The evolutionary model of the bovine Y chromosome. The bovine Y chromosome evolved from a pair of ancestral autosomes. Genes on the BTAY originated through two major evolutionary paths. First, the X-degenerate genes evolved through gradual differentiation of the Y chromosome from the X chromosome, as explained by the addition and attrition theory (2). Second, selection forces facilitated the acquisition of autosomal, male-beneficial genes by the BTAY, in which the transposable elements have acted for the movement and amplification of the bMSY genes. The amplification occurred in both X-degenerate genes (EGLY, TSPY, and HSFY) and genes acquired from autosomes (ZNF280AY, ZNF280BY, and PRAMEY). Two subpaths diverged as a result of different strengths of gene amplification, in which TSPY, HSFY, ZNF280AY, and ZNF280BY were amplified extensively.
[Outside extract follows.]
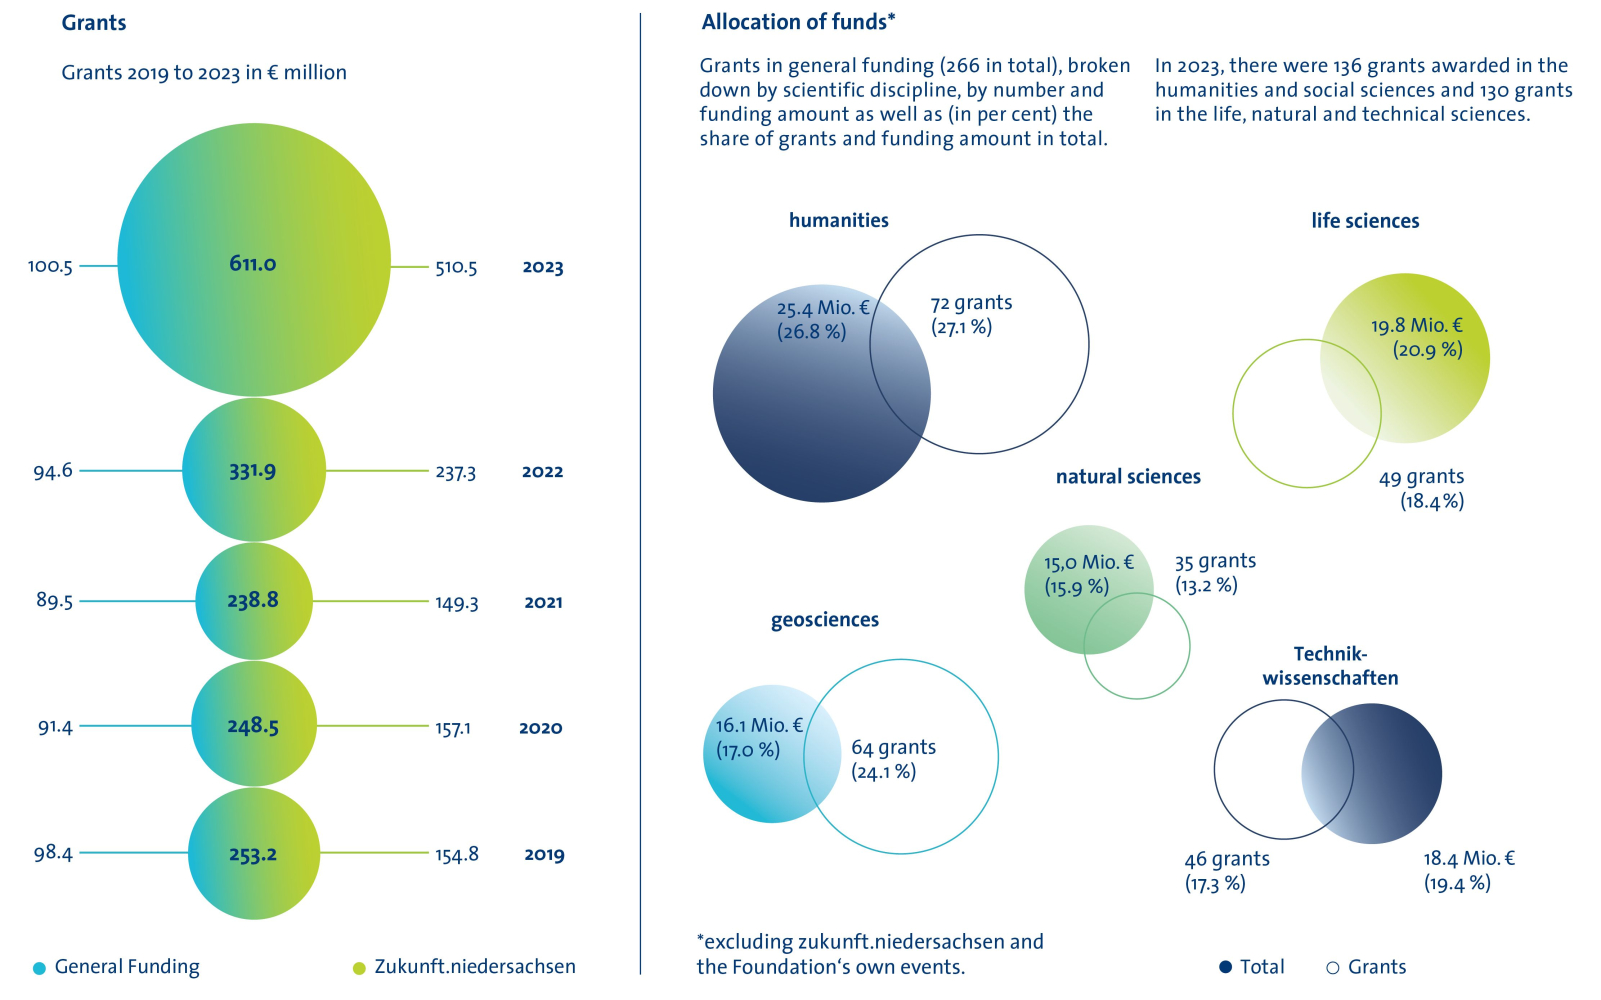 annual report: diagram "grants" and "allocation of funds"

The extensive amplification of the bMSY genes in the Pliocene and Miocene is associated with the adaptive diversification of Bovidae (see text and Fig. 4).

Fig. 4.

Age distribution of the paralogs in the bovine TSPY, HSFY, and ZNF280BY gene families. Pair-wise Ks values for all loci of the bovine TSPY, HSFY, and ZNF280BY gene families were calculated, and the gene duplication times were estimated. The gene duplication frequencies (y-axis) were plotted against the age of the gene duplication (x-axis). The plot displays a bimodal distribution with peaks falling into two major time periods, 0–5 and 14–20 Mya (highlighted in gray), corresponding to the Pliocene and Miocene epochs, respectively. The red dashed line denotes the divergence of sheep and cattle, around 19.2 Mya.